My new gastro doc is going to start me on samples of a certain GI motility drug. I don’t remember the name of it. It’ll supposedly help me with my gastroparesis (delayed stomach emptying) and also my chronic constipation, which was made worse by Seroquel.
I could only eat a third of my dinner, last night, because my stomach was apparently still full from lunch. I was feeling really ill, too, like sickly from trying to eat dinner.
But this drug should help move things along! I’m excited.
so tomorrow’s goal is get front porch clean, living room and kitchen clean, and lastly bathroom clean. that’s enough cleaning for one day. my caseworker is coming by on friday so i have a little incentive to clean.
took 1500mg of niacin today, i haven’t flushed yet, but i feel it coming on. sometimes i flush quickly, other time i wait 90 minutes and then flush after i think nothing will happen. i read 1500mg of niacin can raise testosterone so i will try it. it also helps with cholesterol.
my niece got her pedicure now she is away getting a spray on tan haha, she lives in arizona but never goes outside apparently because i am darker than her, or maybe she peels easy idk, spray on tans are funny to me.

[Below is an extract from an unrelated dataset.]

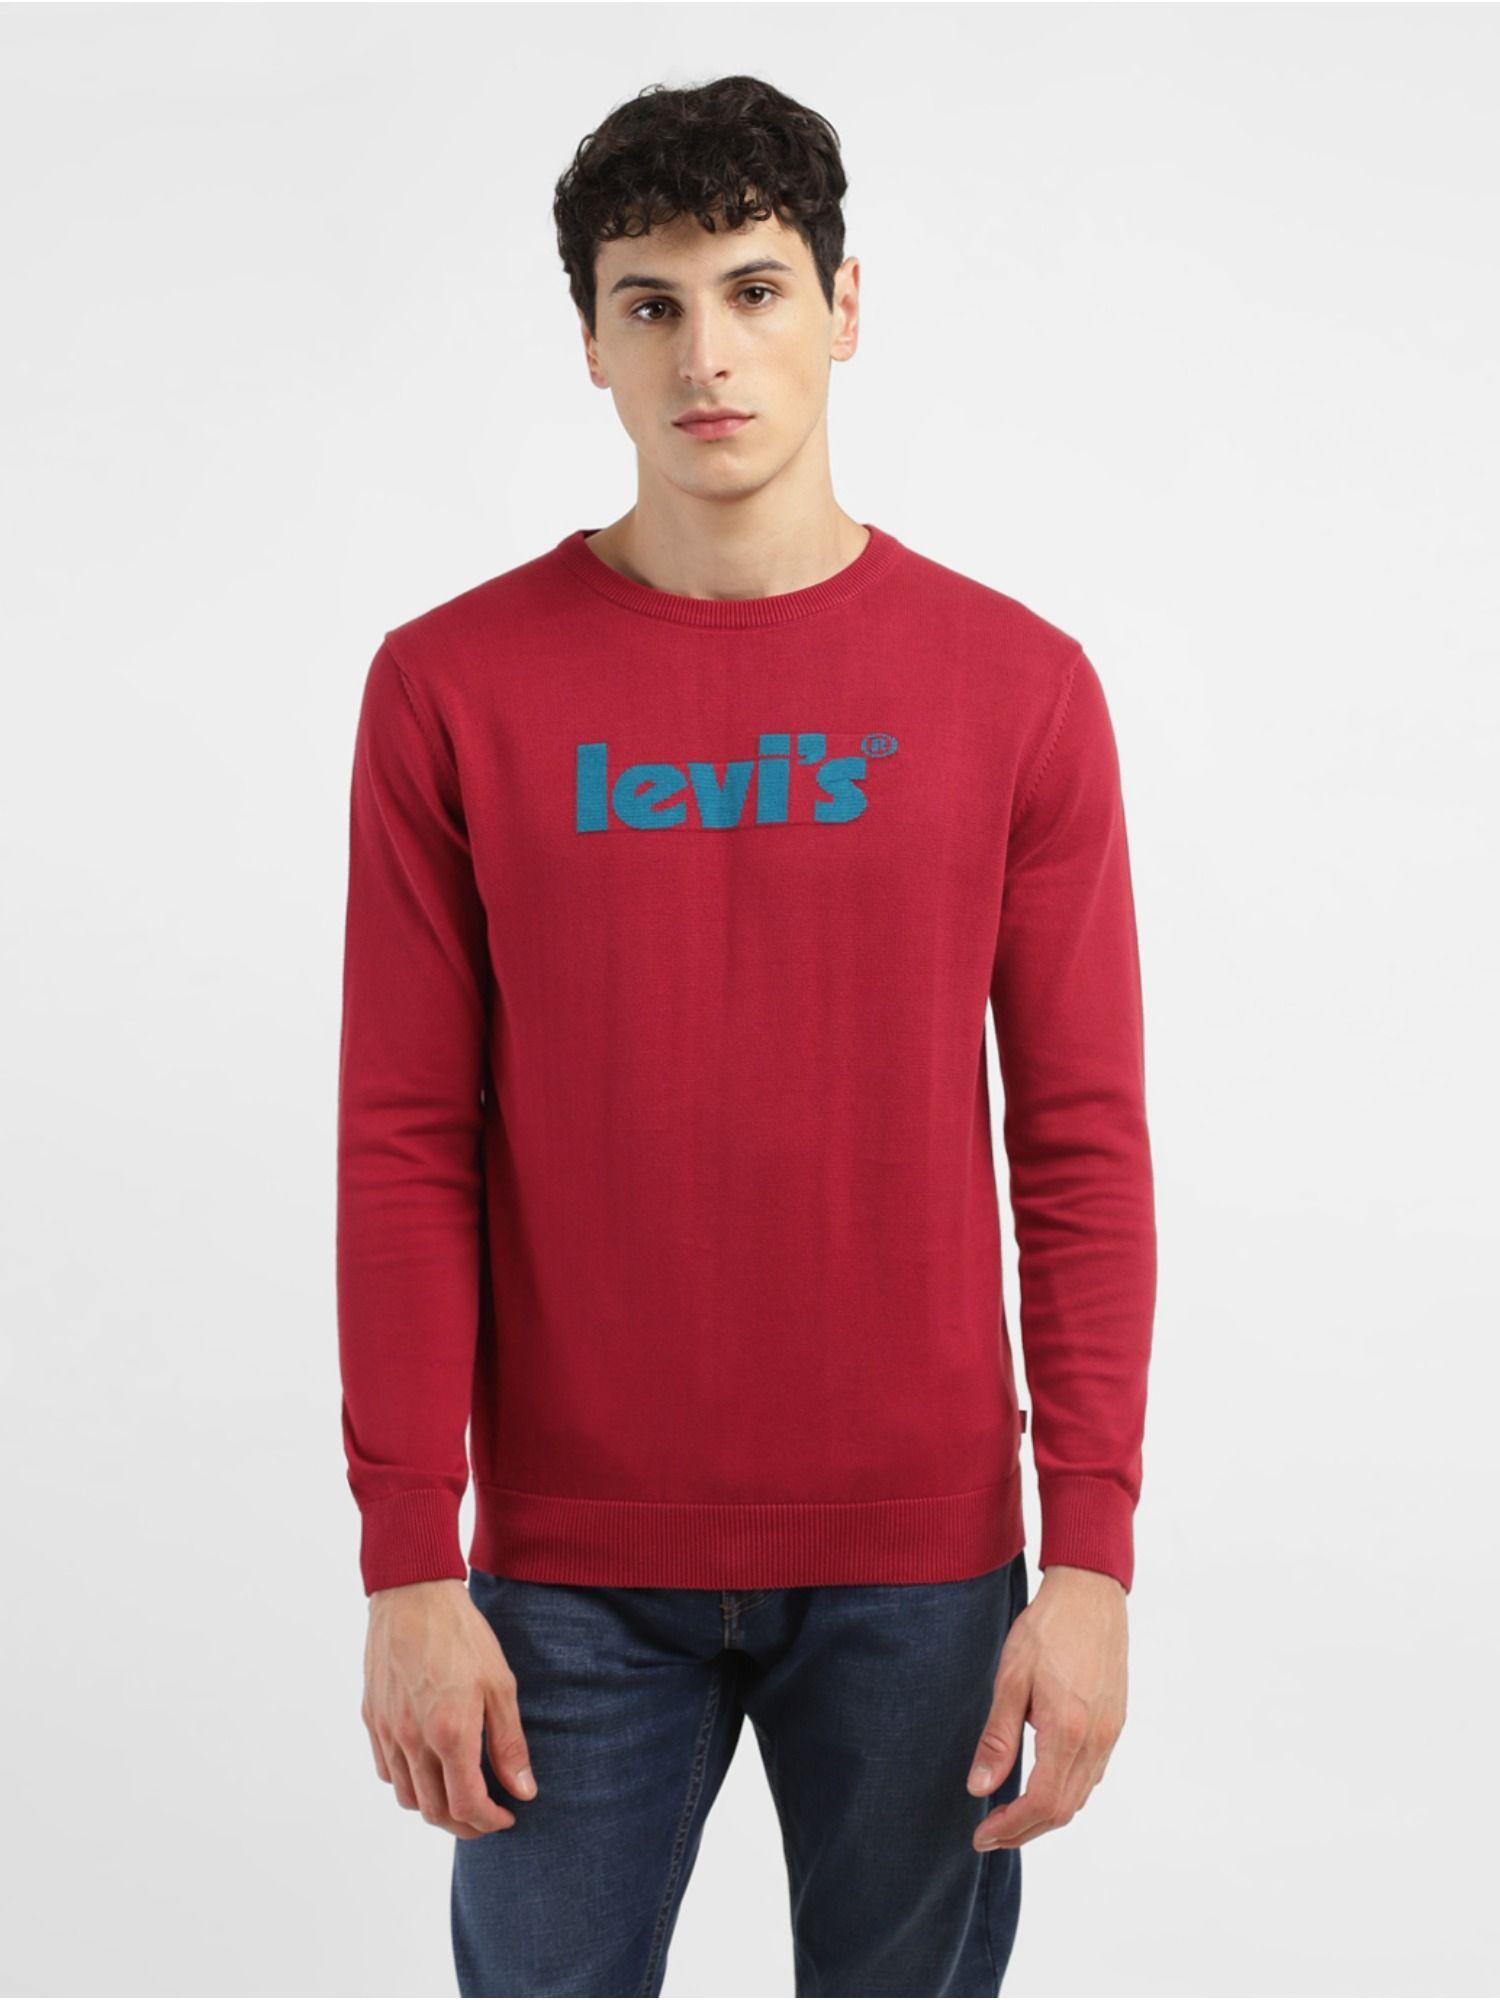 Men's Brand Logo Red Crew Neck Sweater

Dad and I brought some old windows to the transfer station and then cleaned a cabin. I’m not doing anything tomorrow. Heard voices today mixed in with sound. It’s not the worst thing but it means I have to watch my stress levels. I’m not necessarily stressed so not a huge concern atm.

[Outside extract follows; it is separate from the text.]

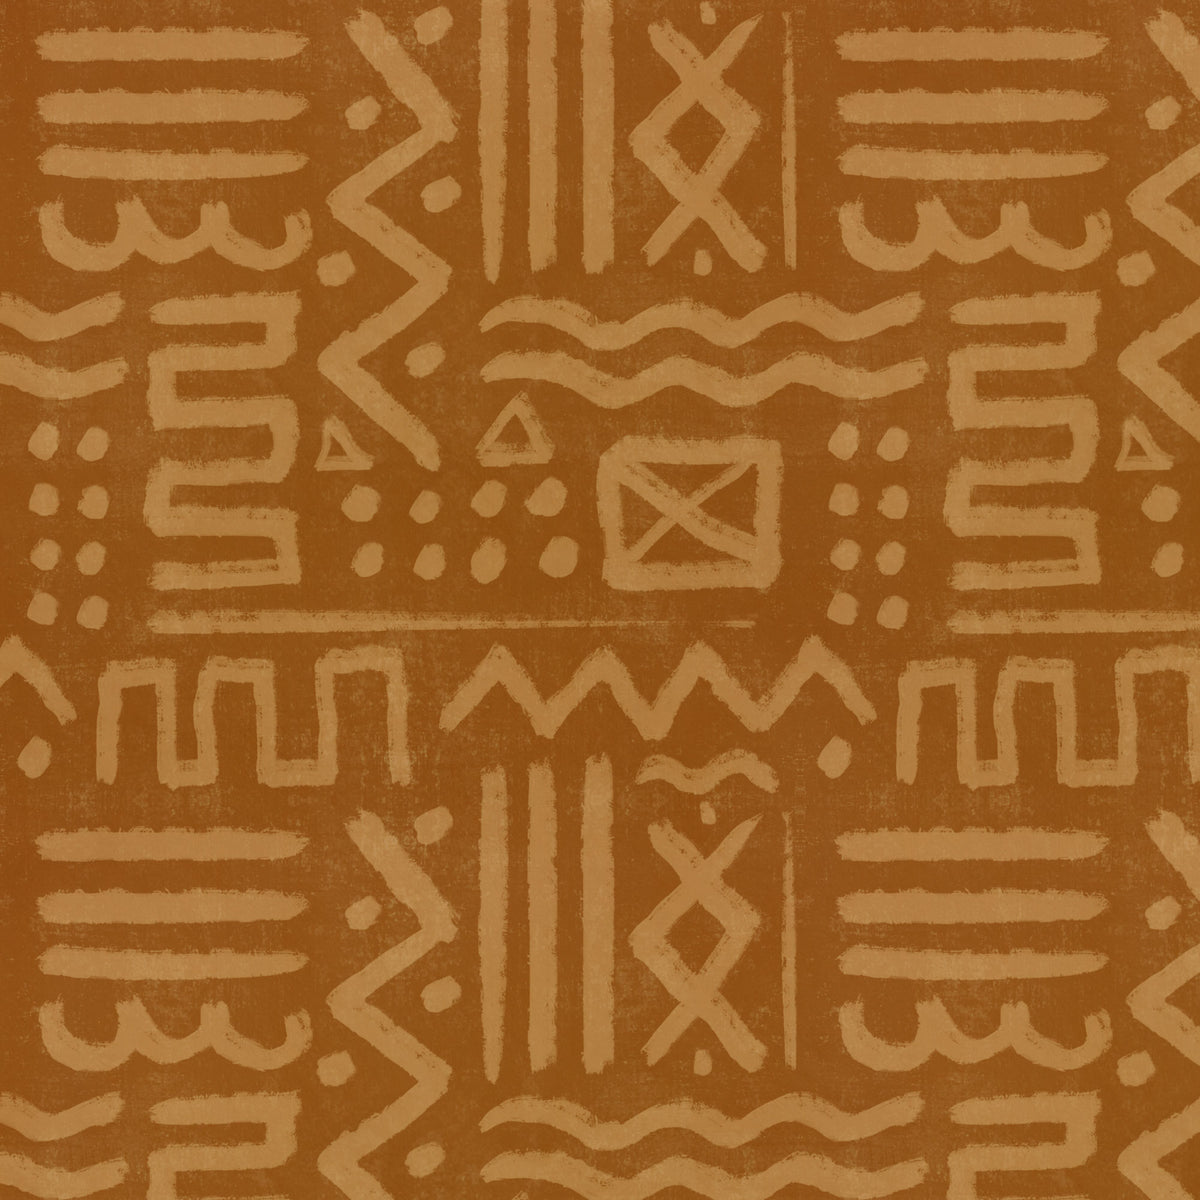 Tribal Pattern | Boho Chic Ferns

May go back to the store for a bone in ham on sale. I want sandwich supplies and homemade split pea soup for something different.
Gonna clean up my living area. Do dishes tonight. Hopefully shower and possibly shave beforehand.

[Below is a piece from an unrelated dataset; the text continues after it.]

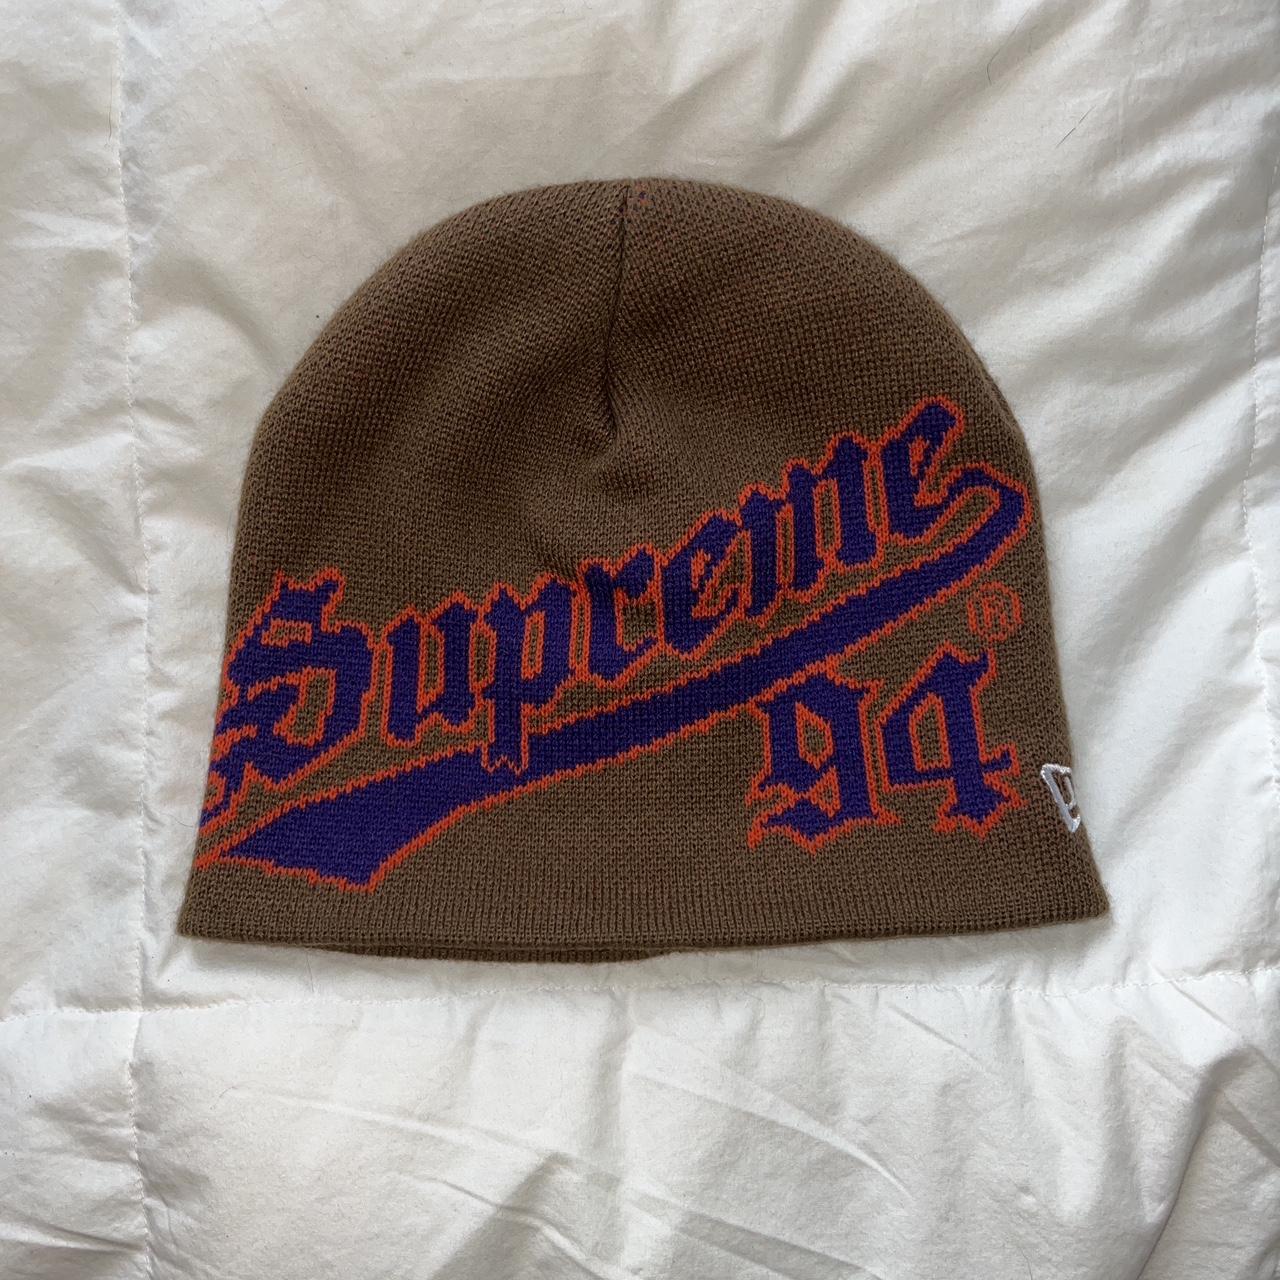 Supreme New Era S logo beanie has been worn a good - Depop

mom is making spaghetti and garlic bread tonight, yum, and we may have a glass of red wine too. idk, i try not to drink more than once a week, and i had 3 beers while watching the football game on sunday. so maybe i won’t have any wine.
While I was in the store I had a horrible fantasy or whatever it’s called but I was about to do violence on a shopper. I truly felt angry at something that wasn’t real. Luckily I stopped myself but I’m sure my mouth was moving.
well one week til the road trip but i may not be able to go, for some reason mom wants to be gone 3 weeks instead of 2 weeks, and i have an injection on oct 7th, i don’t want to reschedule. i dont know why anyone would want a 3 week vacation anyhow. and i especially don’t want to stay with my sister and play with the little niece and nephew. o about my little niece she is in her first year of soccer and scored 2 goals in her first game. so i may not go, idk, it would be ok, just get a little lonely is all.